Note that most of these jobs were finishing around the same time, likely when openqa-webui.service
restarted (the journal doesn't go far enough to say for sure). A restart of openqa-webui.service
would actually explain why the restarting didn't happen. Supposedly that's something the mentioned PR would indeed improve.
#11
Updated by mkittler 3 months ago
No further occurrences:
openqa=# select id, clone_id from jobs where (id > 3162168) and (reason like '%service queue already full%' ) and (select user_id from audit_events where event_data like concat('%', jobs.id, '%') and event = 'job_restart' limit 1) is not null order by id desc; id | clone_id ----+---------- (0 rows)

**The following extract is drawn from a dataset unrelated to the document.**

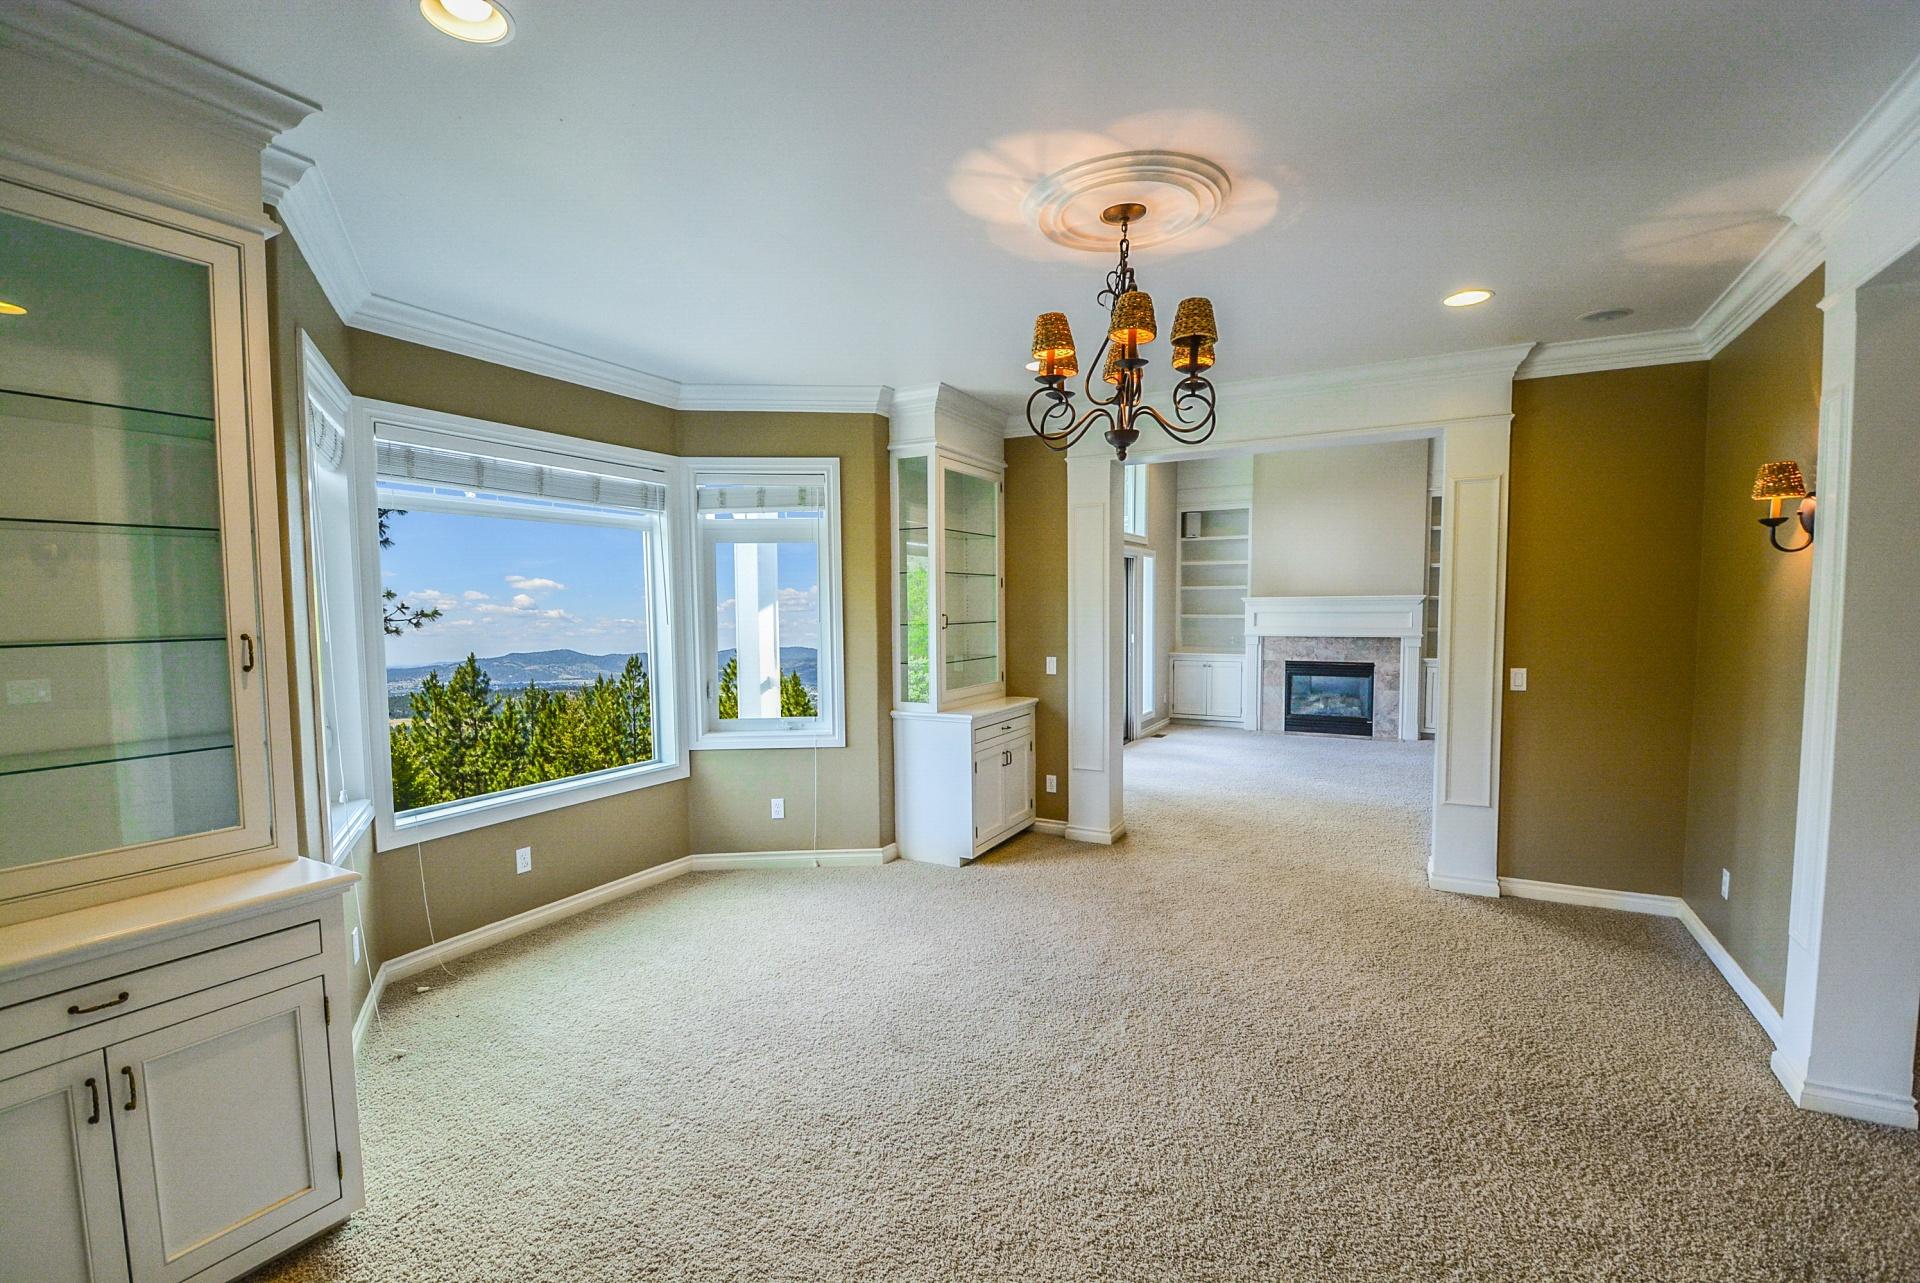 Arredare la casa nuova dopo il trasloco fai da te creativo - Arredare casa nuova ...

The PR https://github.com/os-autoinst/openQA/pull/5031 is still pending so I've been removing failed restart jobs manually for now.
#12
Updated by mkittler 3 months ago
- Status changed from Feedback to Resolved
There are no failing restart jobs and no further occurrences:
openqa=# select id, clone_id from jobs where (t_created >= '2023-03-13 10:00:00') and (reason like '%service queue already full%' ) and (select user_id from audit_events where event_data like concat('%', jobs.id, '%') and event = 'job_restart' limit 1) is not null order by id desc; id | clone_id ---------+---------- 3172696 | 3172803 (1 row)
The query shows one result but that's only because this job itself is the result of another job being manually restarted.